There has been thread discussion in the past about how concrete reacts
to strike currents. My logic is that if enough rebar is well connected
to the Ufer ground point then the energy is spread through a lot of
volume, current density is less and the concrete is not damaged. A bad
situation might be rebar spaced small distances so the current density
has hot spots which can boil the water in the concrete with potentially
damaging consequences. However, most any rebar design for structural
purposes has plenty of steel tied together to distribute the current. A
single ground rod in concrete in comparison might be a bad idea.
I think current UBC recommends or requires Ufers. My inspector had the
electrician add two rods at the service entrance, but I think they are
useless in comparison. I'll measure the conductivity between them and
the Ufers.
One other data point is my new primary transformer by Puget Sound Energy
has a Ufer ground point on the buried concrete vault and no ground
rods. I'd guess there are about 8 sq ft of concrete in contact with the
soil. I think you will see Ufers on most power line and cell tower bases.

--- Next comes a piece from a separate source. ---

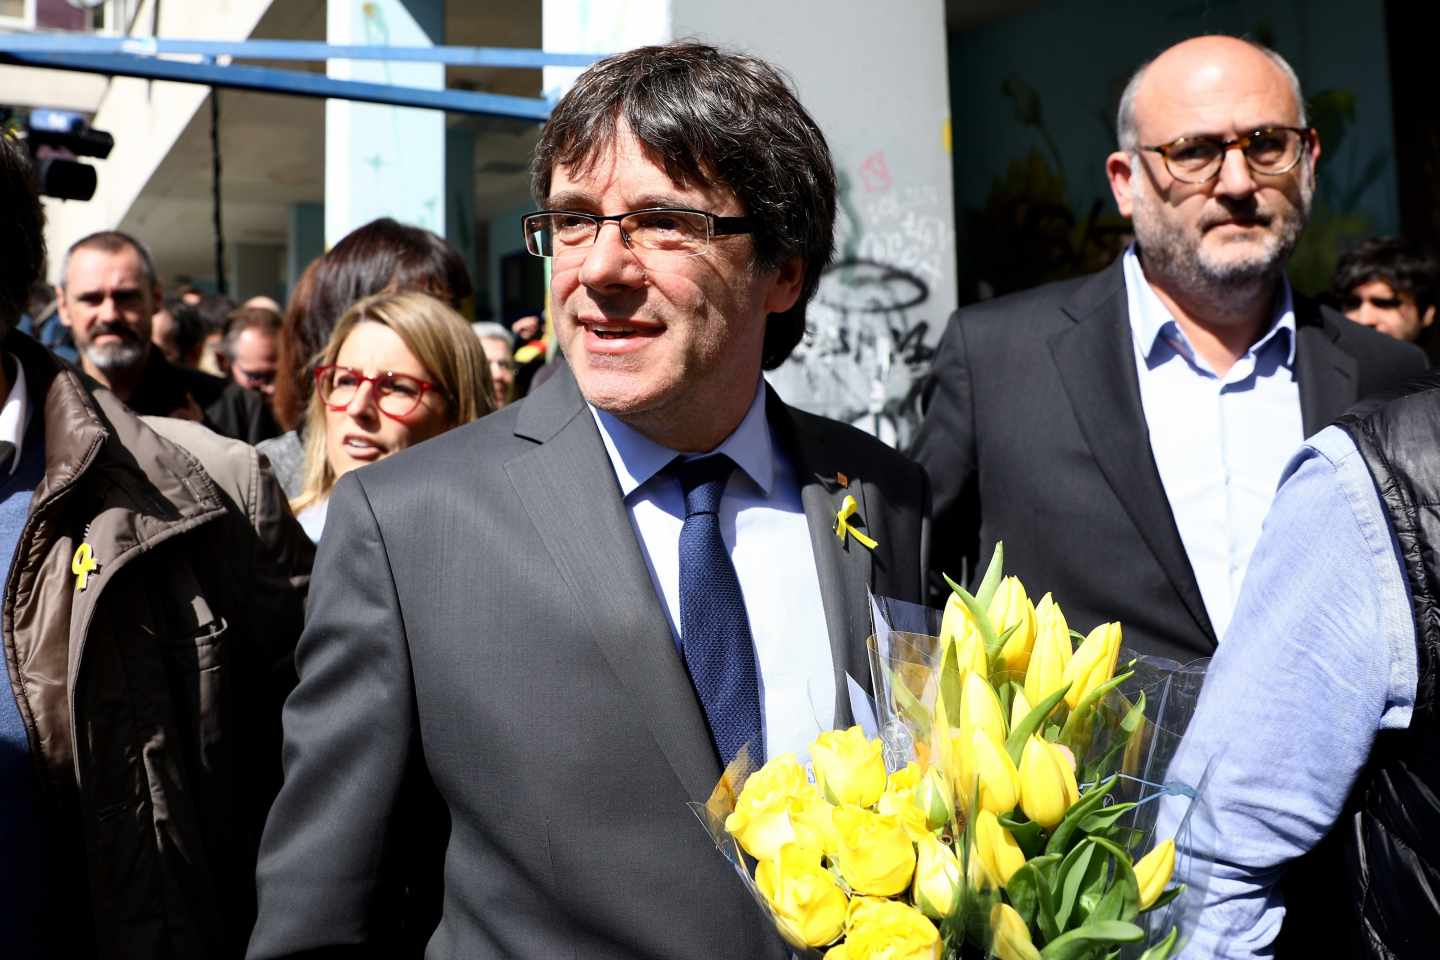 Silencio oficial sobre el encuentro de Puigdemont con la etarra Jáuregui

On the web, one company in the midwest advertises drilled ground field
systems, e.g. 30 to 60' depth as the solution to manage very frequent
strikes on very tall BC towers. A pipe cased well is one alternative if
you have one.
One other observation from the top of a 3500' ME mountain from a hike
there. It is all bare granite at the top. Many wires were just strung
on the surface to get the area increased. I didn't stick around to
observe them in action.
Grant KZ1W
On 11/14/2012 6:53 AM, K4SAV wrote:
My understanding of ground rod performance characteristics during a
strike leaves a lot to be desired, and I can't find any information to
answer those questions either. We have rules that specify distance
between rods because of' ground saturation and the need to spread the
charge over a larger area. I don't understand exactly what happens
with the underground plasma that takes place around a rod during a
strike, and what that does to the ground rod impedance, and how that
affects ground saturation. I would guess that the impedance of that
ground rod during a strike is a huge non-linear function, not even
close to what you might measure with any instruments under normal
conditions. Besides, if I had that information I could do an accurate
model of a ground system instead of having to ballpark and
conservatively estimate everything.
Then if you encase the ground rod in concrete, how does that effect
the underground plasma and the rod impedance during a strike. Also
what happens to the concrete. I would guess that it might explode if
there were insufficient ground rods in the system. I wonder how many
would be sufficient. If the impedance of the ground rod is much lower
when encased in concrete, why don't the commercial cell tower
companies use concrete around the rods? I wonder if they have tried
it. Would concrete be better than packing the hole with bentonite? I
know there is some information on Ufer grounds but those are just
guidelines and really don't answer the details of how things work.
Lots of questions and nowhere to go for answers.
Jerry, K4SAV
On 11/14/2012 7:00 AM, Jim Lux wrote:
volume isn't the important metric.. surface area is.. a bar 20 feet
long and 1x1 foot cross section is 82 square feet in cross section.
I guess, though, the top of the footing isn't usually buried, so
probably 60 or so square feet..
Concrete is almost always higher conductivity than the soil
surrounding it (unless you're using some exotic low conductivity
concrete) because it's hygroscopic.
So instead of a contact area between conductor (rod) and soil
(probably not even a square foot), you have a fairly good contact
that can't be disturbed between wire and concrete, and then a very
large contact area between soil and concrete, along with the "current
spreading" from the concrete, so the current density at the
concrete/soil interface is low.
In fact, for RF and transients, the *capacitive* coupling from the
concrete to the soil is pretty good.